Better Animal Models of Human AIDS
Our work on intrinsic and innate immunity to retroviruses, particularly on species-specific variation in TRIM5 and APOBEC3 proteins, has suggested that it might be possible to engineer HIV-1 strains with expanded tropism. Specifically, the generation of HIV-1 strains that can replicate in monkeys would be of enormous practical benefit and would likely revolutionize preclinical studies of HIV-1 drugs and vaccines. By engineering and adapting specific components of HIV-1 (the capsid and Vif proteins) to avoid or inactivate TRIM5 and APOBEC3 host resistance factors, we successfully derived simian cell tropic HIV-1 strain (stHIV-1).

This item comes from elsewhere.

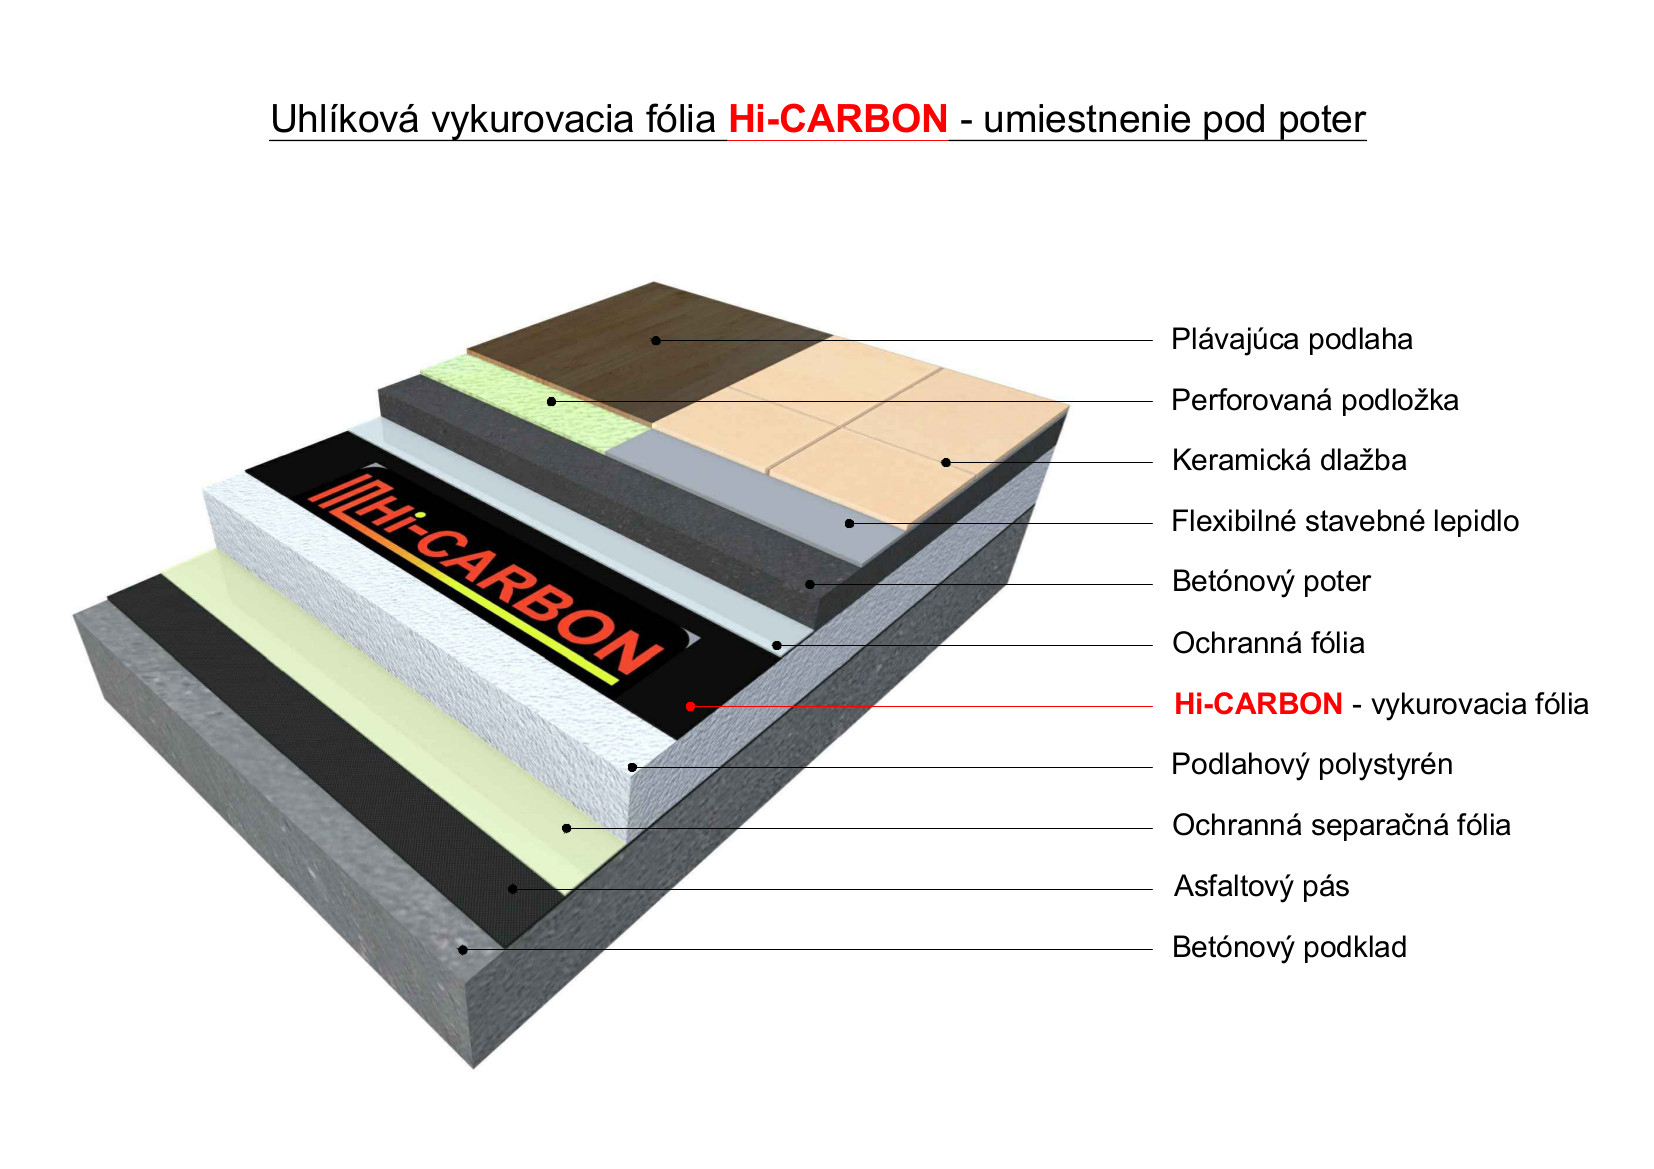 Elektrické podlahové kúrenie - vykurovacia fólia Hi-CARBON pod poter

Unlike wild-type HIV-1, which cannot replicate in macaque cells, stHIV-1 replicates robustly in macaque cells, in vitro. With our colleague, Theodora Hatziioannou (Aaron Diamond AIDS Research Center), and collaborators Vineet KewalRamani and Jeffrey Lifson (National Cancer Institute, Frederick, MD), we are developing stHIV-1 variants and testing them for their ability to replicate in macaques in vivo. Using these approaches, it may be possible to derive an animal model that recapitulates the characteristics of human HIV-1 infection.
Grants from the National Institutes of Health, the Elizabeth Glaser Pediatric AIDS Foundation, and the American Foundation for AIDS Research provided support for this work.